Personal information
- Born: 1952 (age 73–74)
- Education: University of Delaware

Sport
- Sport: Basketball / tennis
- College team: Delaware Fightin' Blue Hens

= Ann Igo Rizzo =

American basketball and tennis player (born 1952)

Ann Marie Igo Rizzo (born 1952) is an American basketball and tennis player. She played college basketball for the Delaware Fightin' Blue Hens, where she ranked as the top scorer in school history upon her graduation. Rizzo later became a top athlete in senior competitions, winning several gold medals at the Senior Olympics. She was inducted into the Delaware Sports Museum and Hall of Fame in 2019.

==Biography==
Rizzo is one of 14 children, and all of them played basketball at some level. She first played in second grade. Rizzo attended St. Elizabeth High School in Wilmington, Delaware, where she was a top basketball player and a member of the team all four years. She was also a member of a Catholic Youth Organization (CYO) team. After high school, Rizzo enrolled at the University of Delaware, where she attended from 1970 to 1974 as a physical education major.

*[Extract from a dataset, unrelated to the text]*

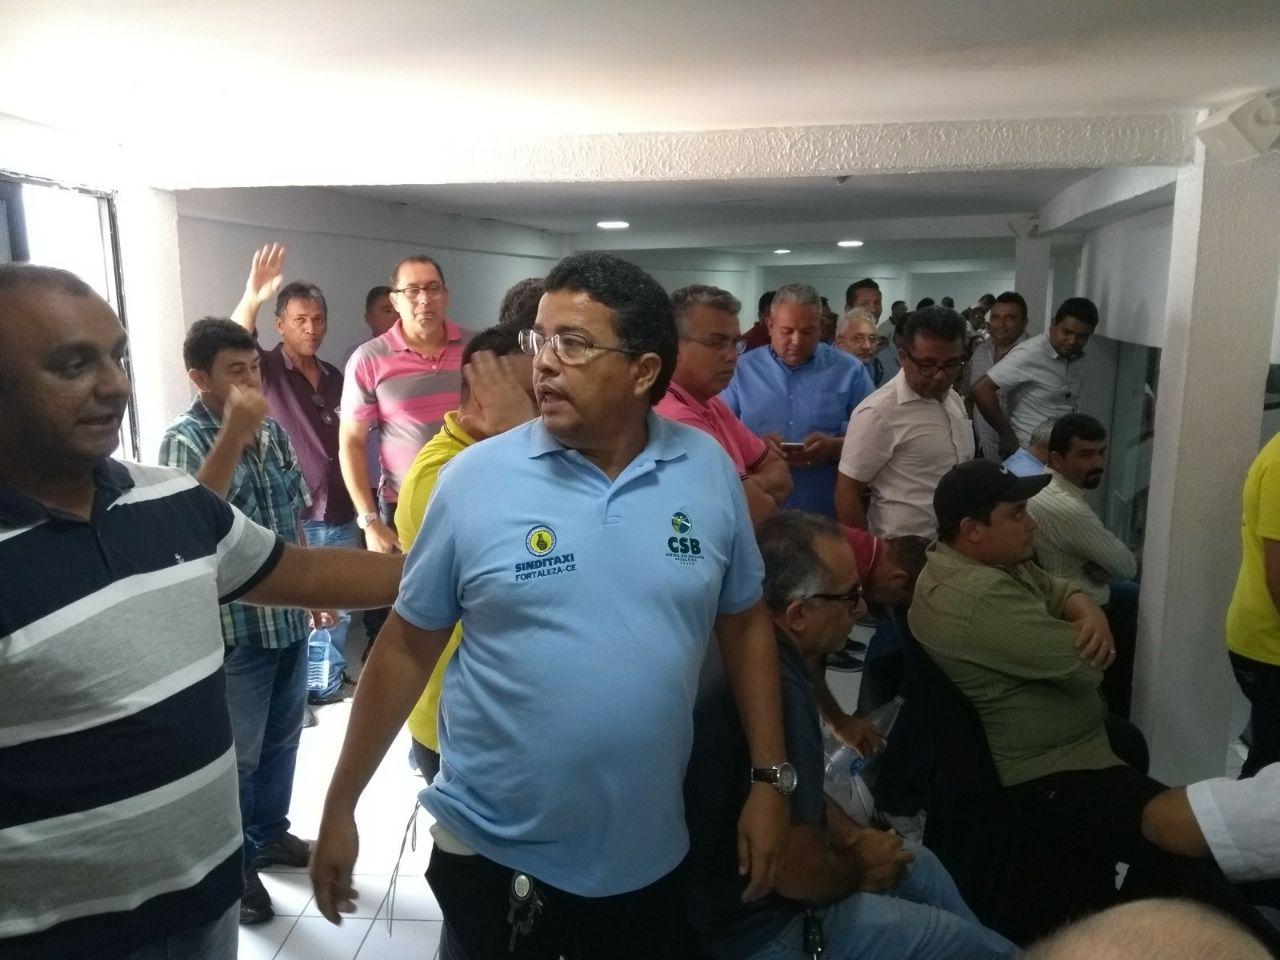 Para taxistas, regulamentação dos aplicativos de transporte não traz segurança aos passageiros de Fortaleza (CE)

At Delaware, she played for the Delaware Fightin' Blue Hens women's basketball team from 1971 to 1974. After initially being a member of the freshman team in 1970–71, Rizzo became one of the early stars of Delaware's women's basketball program in the next seasons, playing under coach Mary Ann Hitchens.

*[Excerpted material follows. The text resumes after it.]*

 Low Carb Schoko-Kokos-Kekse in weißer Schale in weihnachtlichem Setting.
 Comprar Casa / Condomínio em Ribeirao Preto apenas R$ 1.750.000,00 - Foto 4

Rizzo was a member of teams with winning records three consecutive years (Note: The first being the freshman team in 1970–71, followed by the varsity team in 1971–72 and 1972–73.) and helped the Fightin' Blue Hens to three straight appearances at the Eastern Association of Intercollegiate Athletics for Women (EAIAW) Regionals. Known for her quickness at guard, she averaged 13.0 points per game in 1971–72, 13.3 points in 1972–73, and 18.6 points in 1973–74, with all of those totals being top on the team. She helped the Fightin' Blue Hens to a record of 8–4 in her sophomore year, 9–5 in her junior year, and 7–8 in her senior year. Rizzo served as team captain in 1973–74. She had 20-point performances in 8 of 15 games during the 1973–74 season and at the end of her college career was top in school history in single-game (29), season (260), and career points (602), in addition to points per game in a season (18.6) and career points per game (14.8). Rizzo still ranked in the top 10 in school history for points per game in a season and in a career 45 years later.

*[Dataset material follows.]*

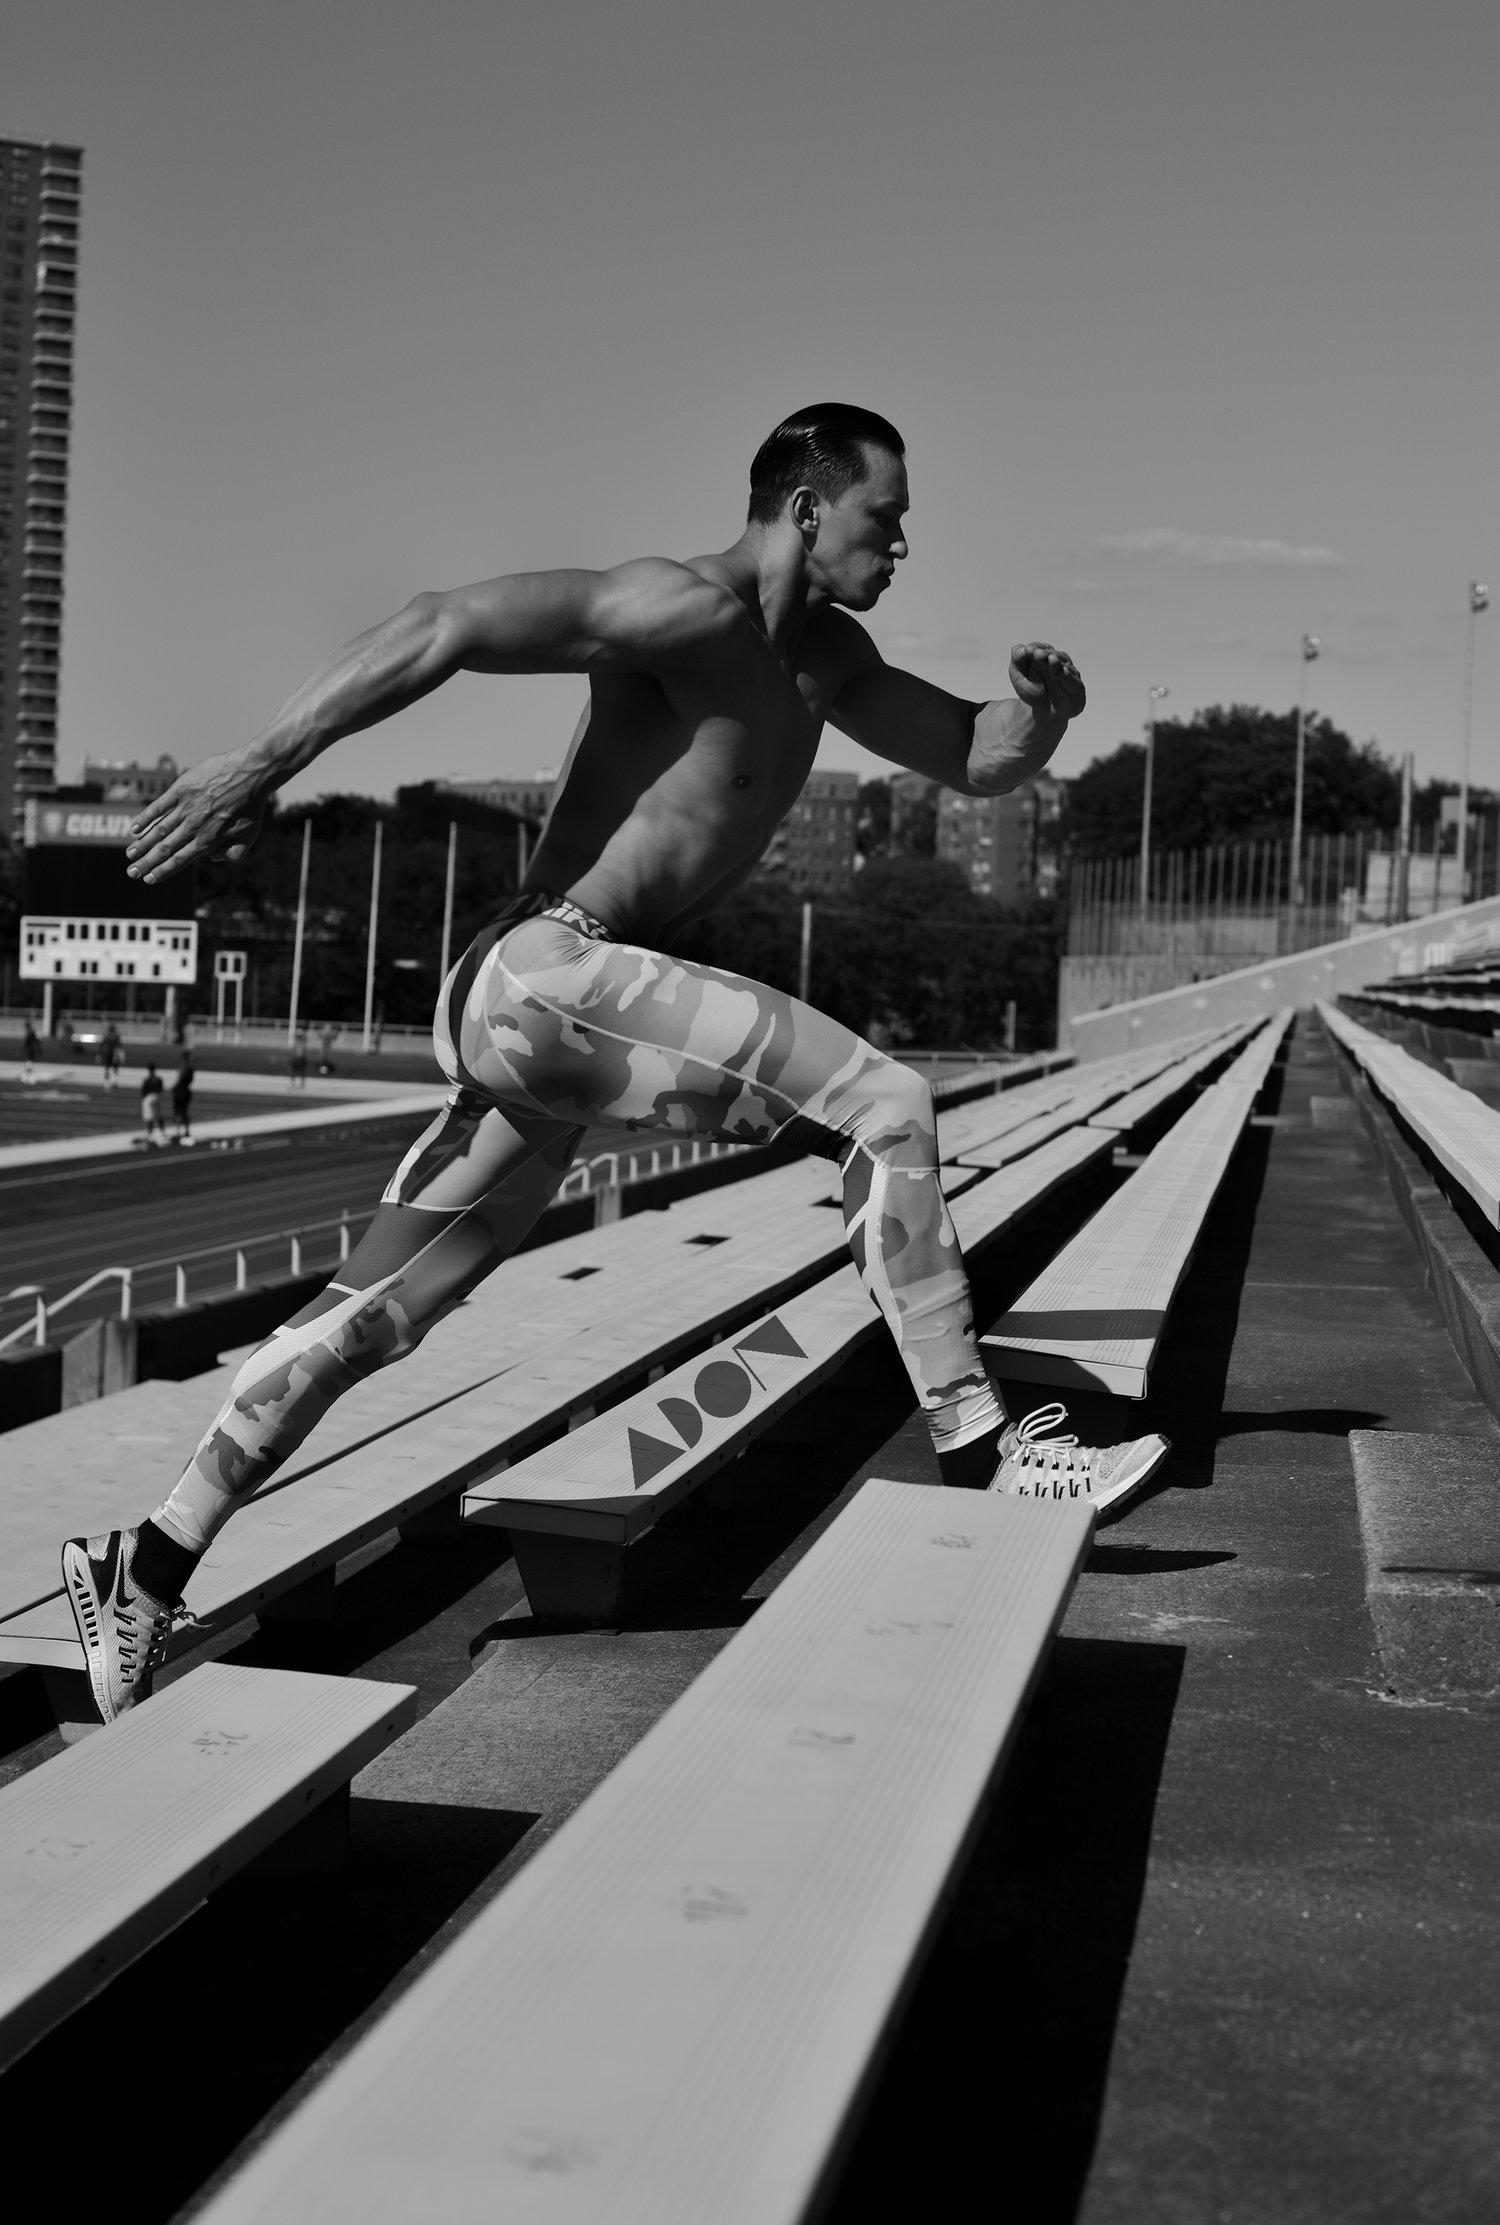 Adon Exclusive: Model Dmytro Paladii By Frank Marando

After college, Rizzo was a member of a local basketball club, the Green Gate 76-hers, winning league MVP honors, and played recreational softball. She later began playing tennis in her 40s. Rizzo became a top athlete in senior competitions in both basketball and tennis. She won many gold medals at the Delaware Senior Olympics in both sports and was the singles tennis champion in her age group at the national Senior Olympics several times in the 2000s. Rizzo competed in senior events held by the United States Tennis Association (USTA) and was ranked number one in the USTA Middle States section in doubles and mixed doubles, while being a USTA national champion in women's senior doubles in 2003. She has also competed at the World Senior Games and been successful at many other regional senior tennis competitions.

Rizzo is married and has two children with her husband, Wayne. She received a degree from Wilmington University in 1994. She was inducted into the Delaware Legends Basketball Hall of Fame in 2010, the University of Delaware Athletics Hall of Fame in 2011, the Delaware Sports Museum and Hall of Fame in 2019, and the Delaware Basketball Hall of Fame in 2024.